══ Data segment ══
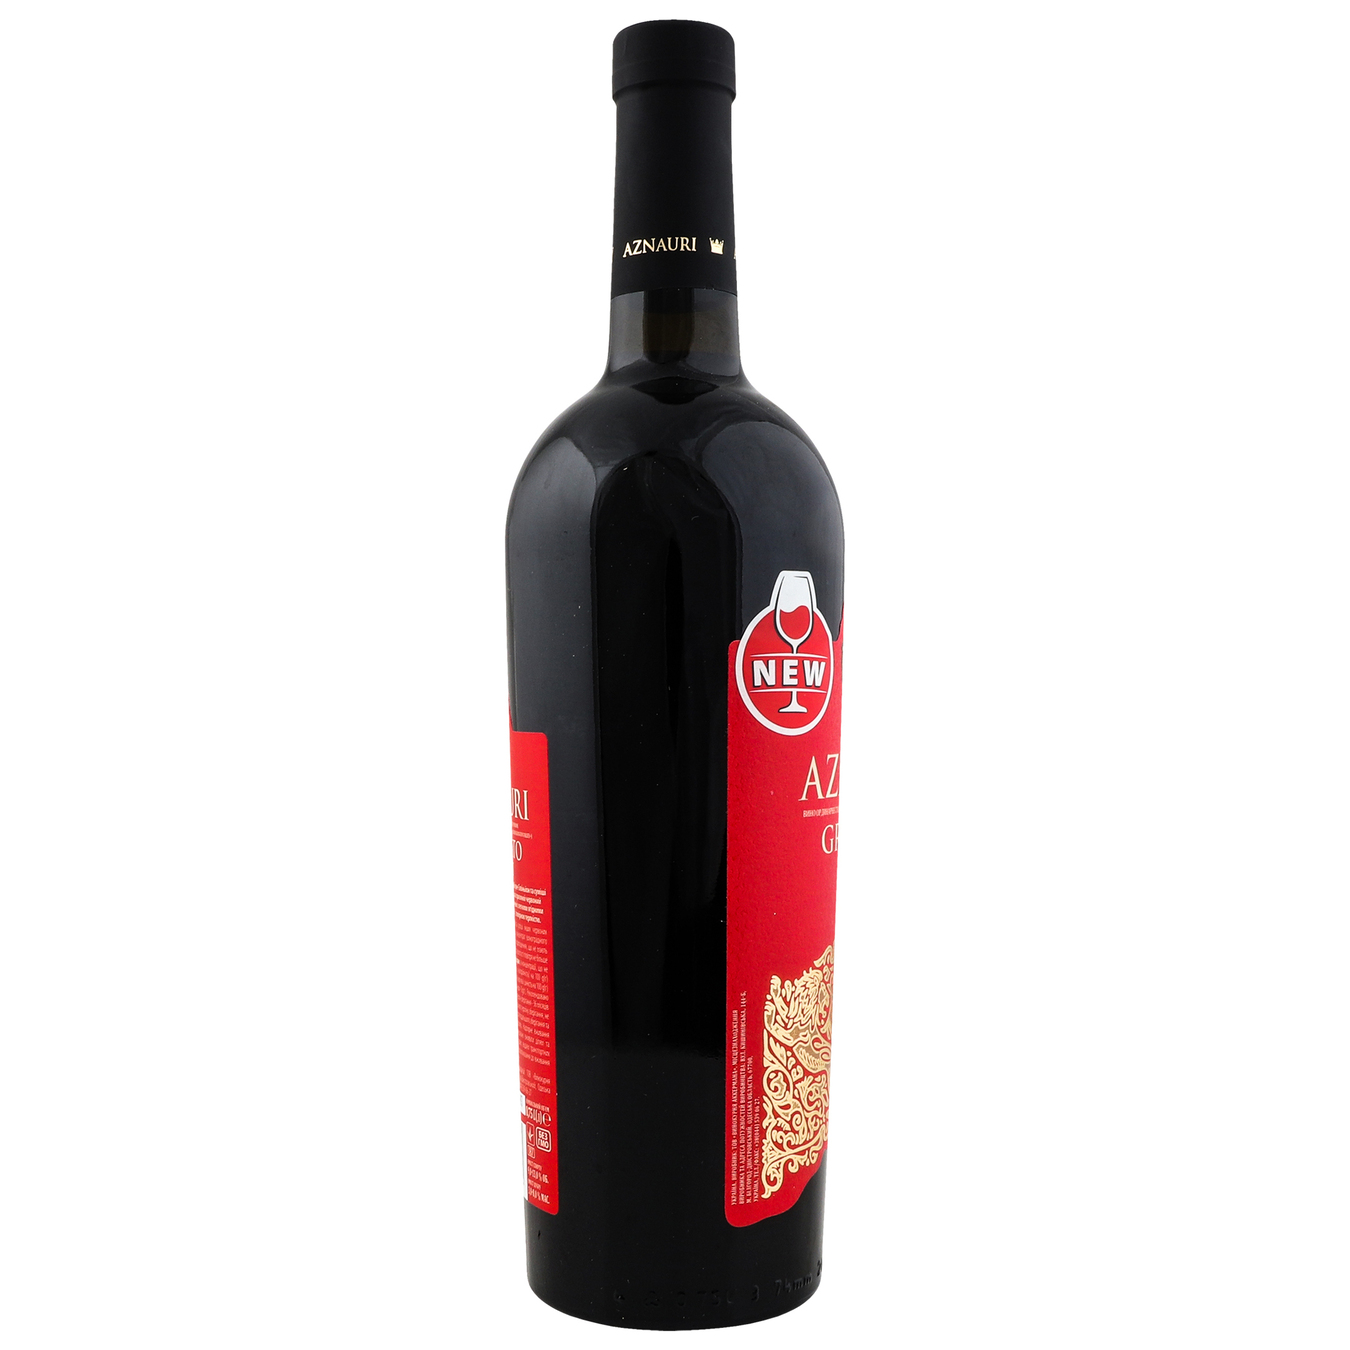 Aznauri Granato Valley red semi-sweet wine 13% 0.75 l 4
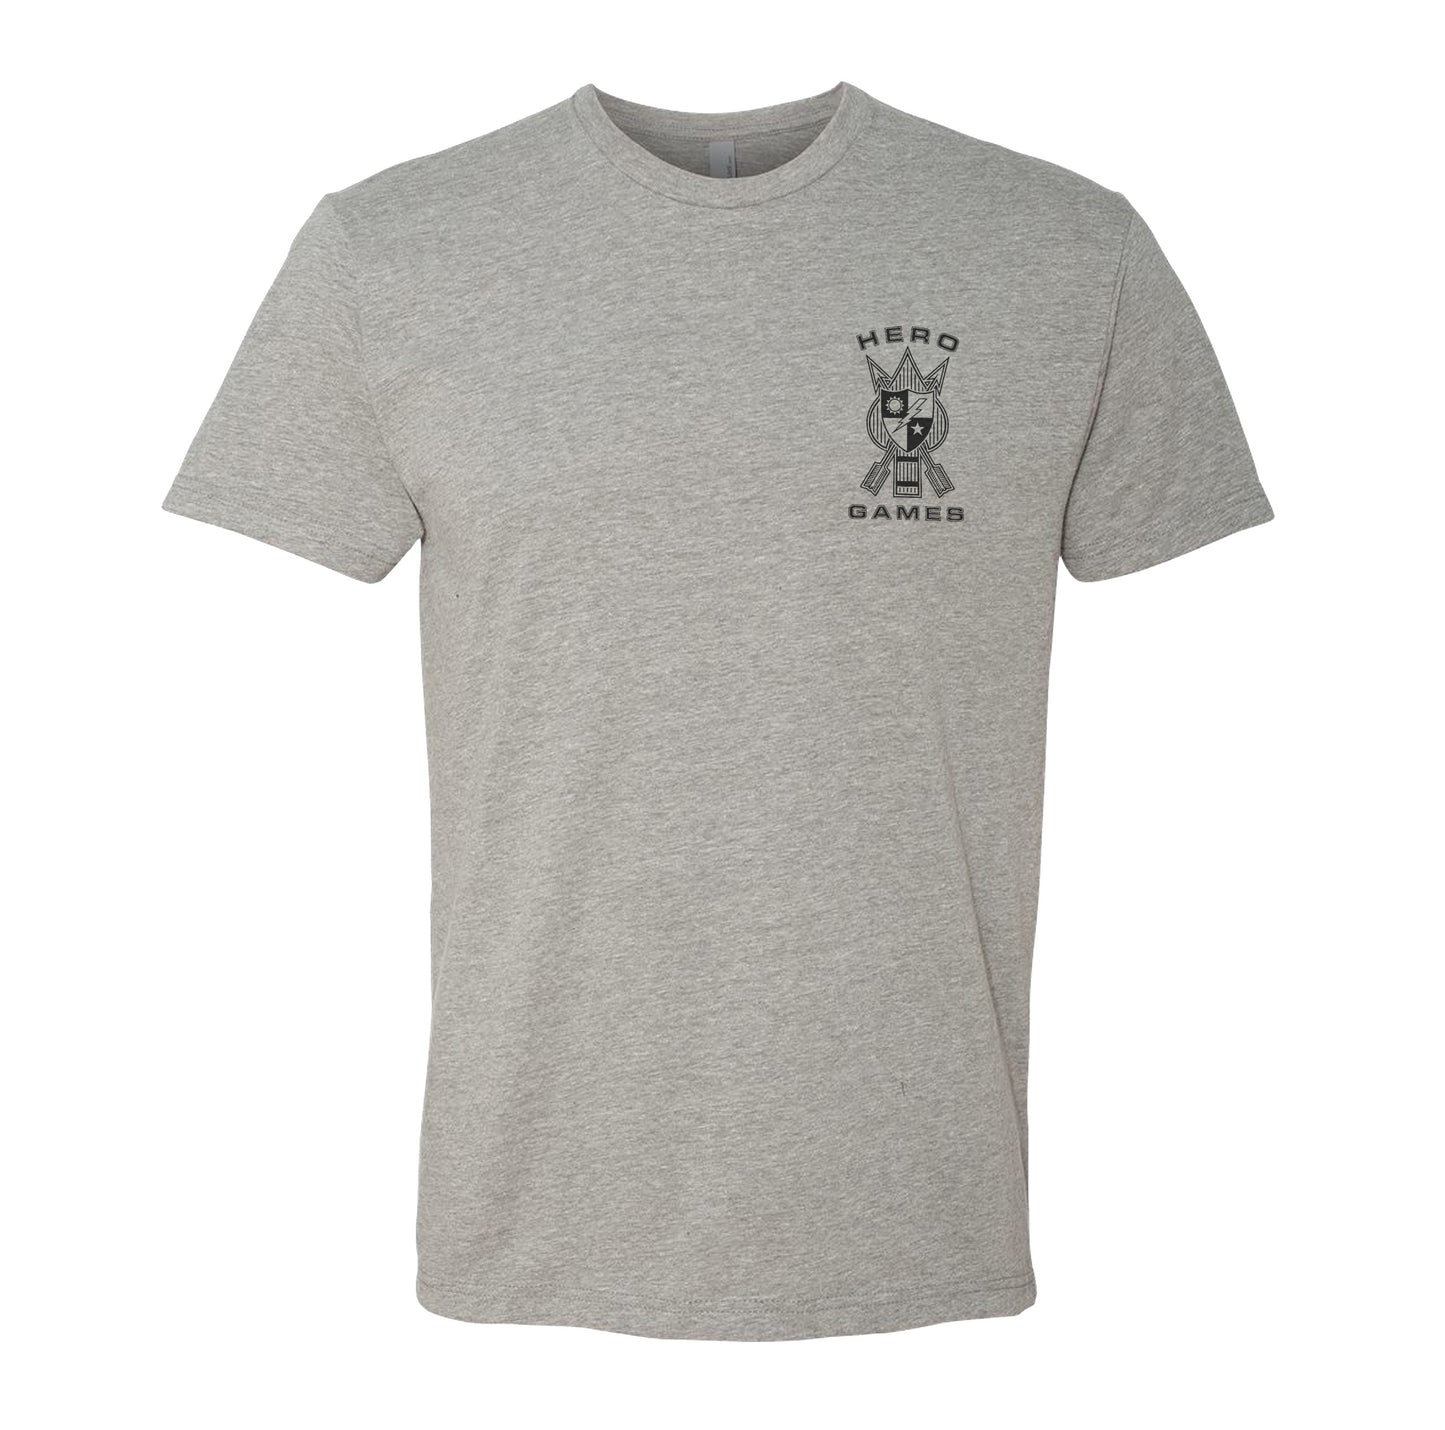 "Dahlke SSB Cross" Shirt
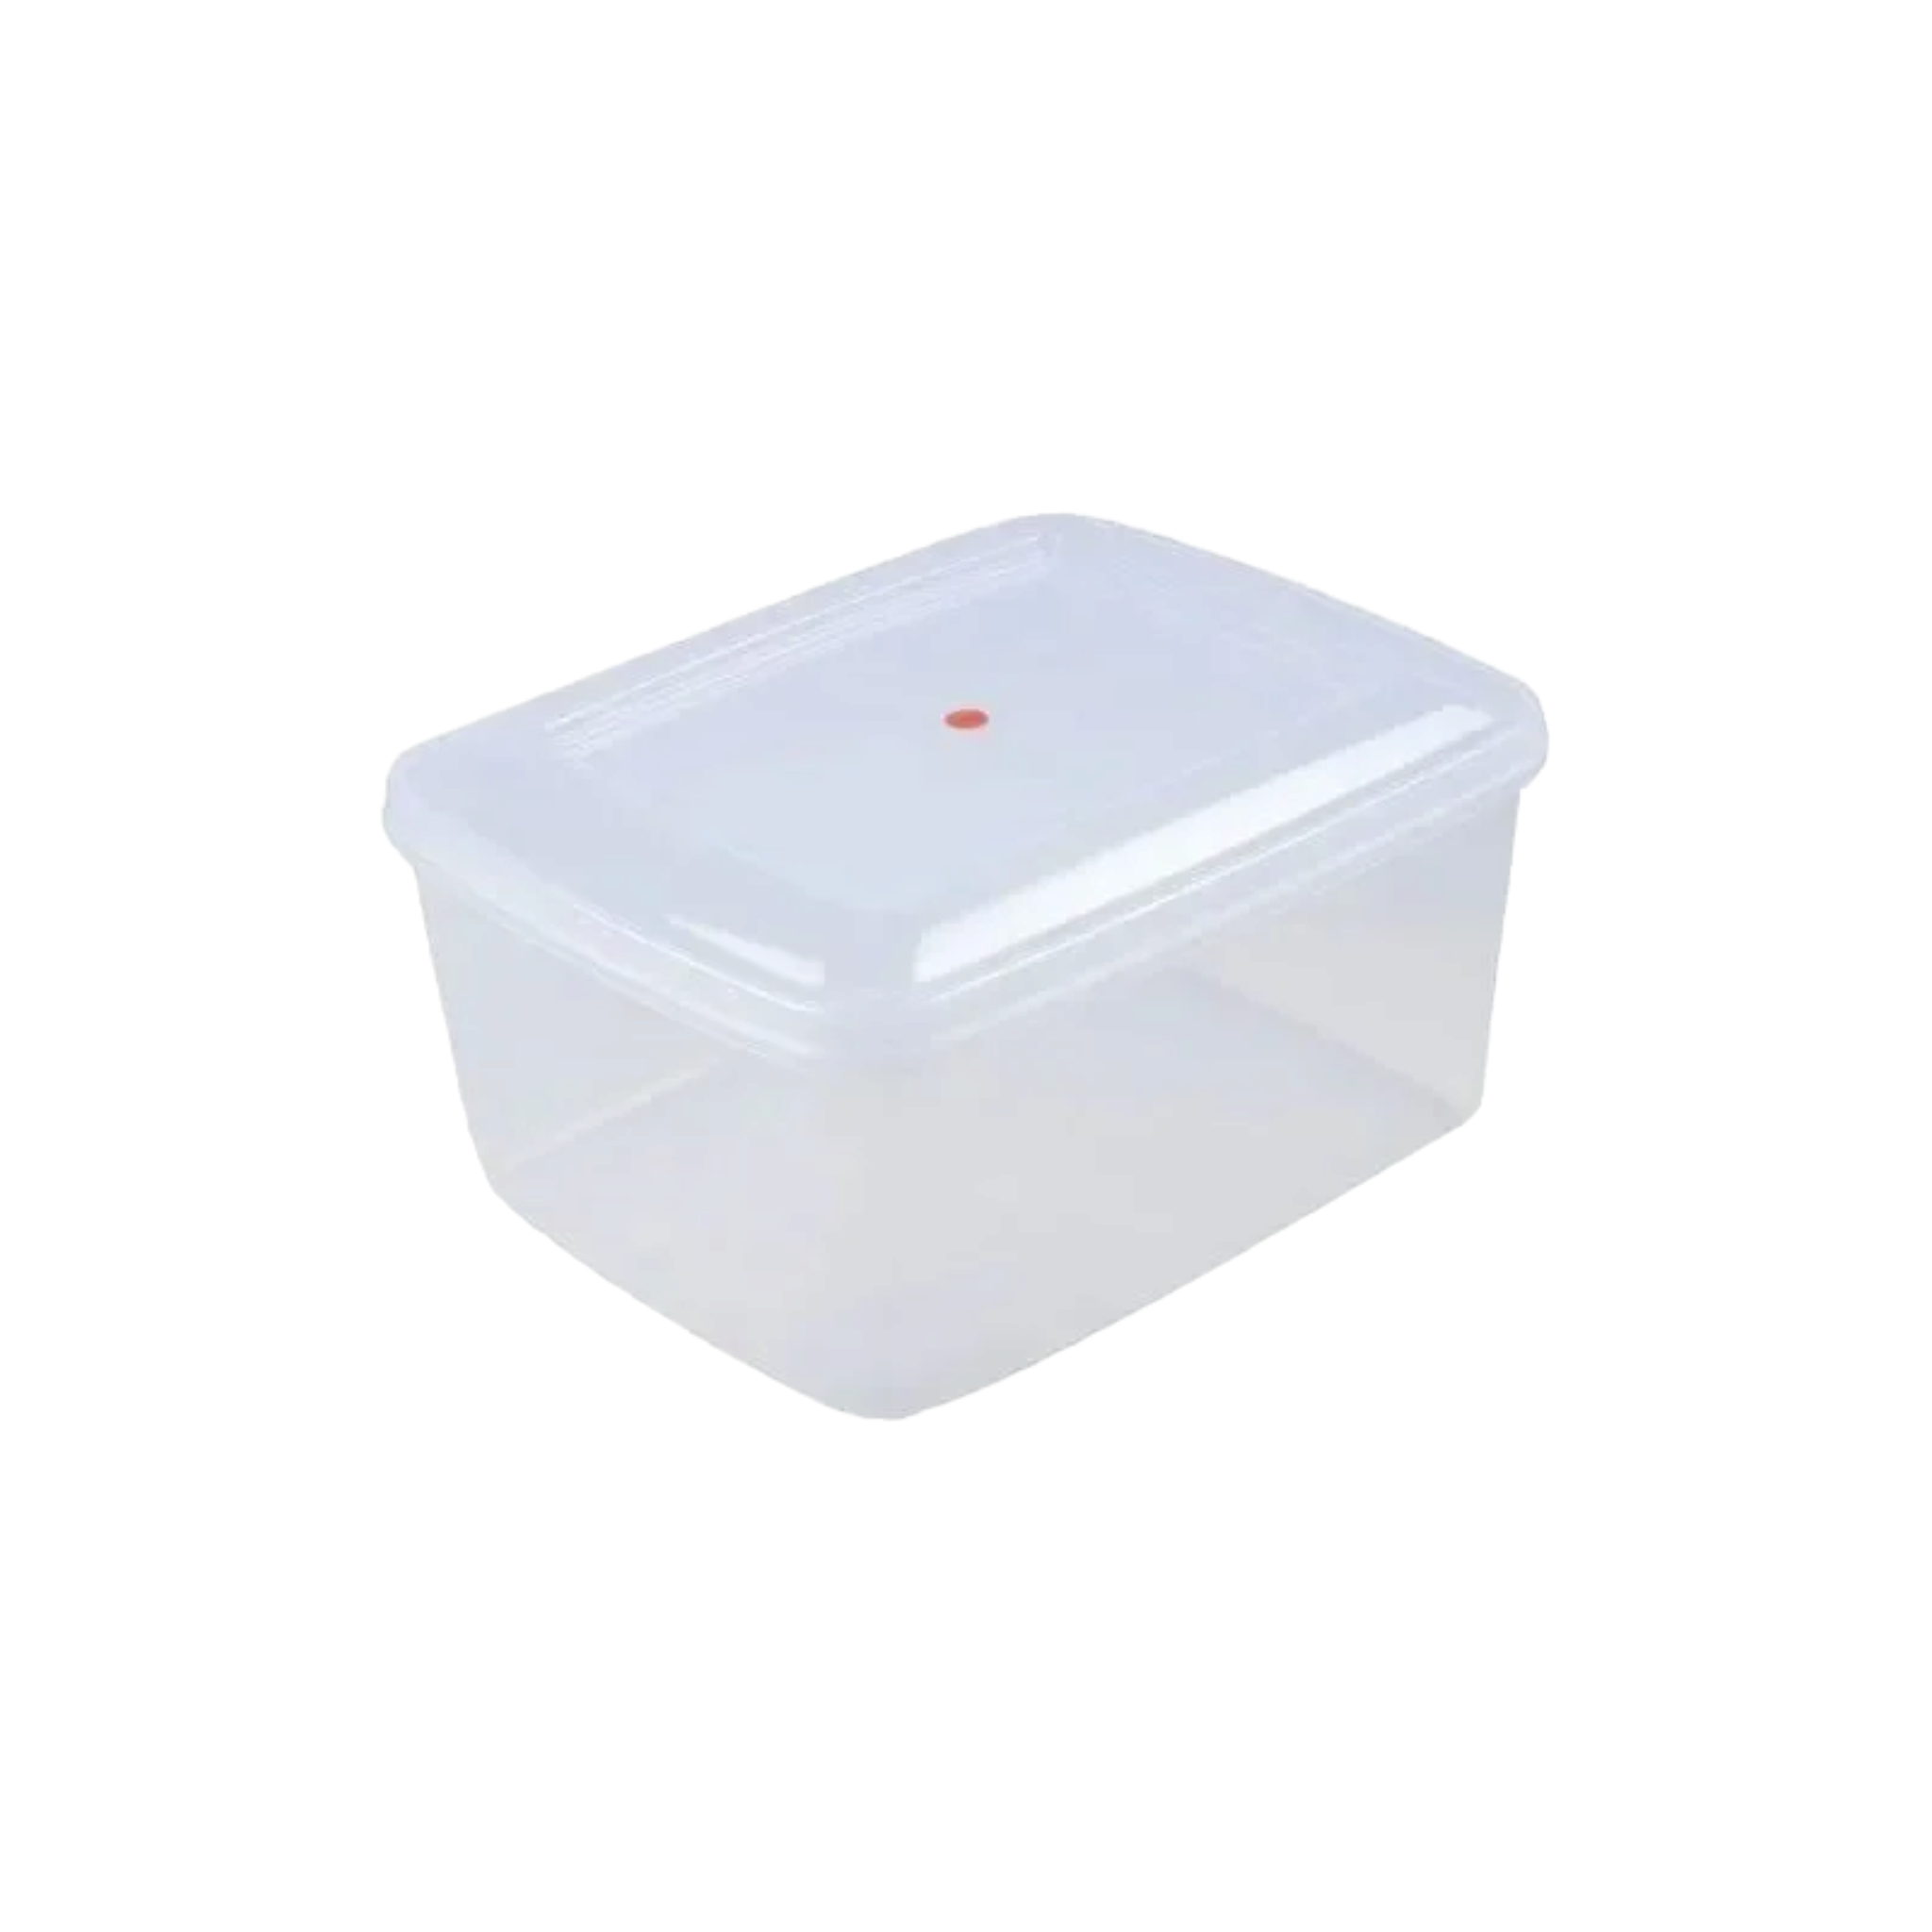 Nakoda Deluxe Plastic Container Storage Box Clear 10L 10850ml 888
═══
• **What the exercise asks**
Make an exact copy of the listing above. Do not include the pictures.

• **Task solution**
 Aznauri Granato Valley red semi-sweet wine 13% 0.75 l 4
 "Dahlke SSB Cross" Shirt
 Nakoda Deluxe Plastic Container Storage Box Clear 10L 10850ml 888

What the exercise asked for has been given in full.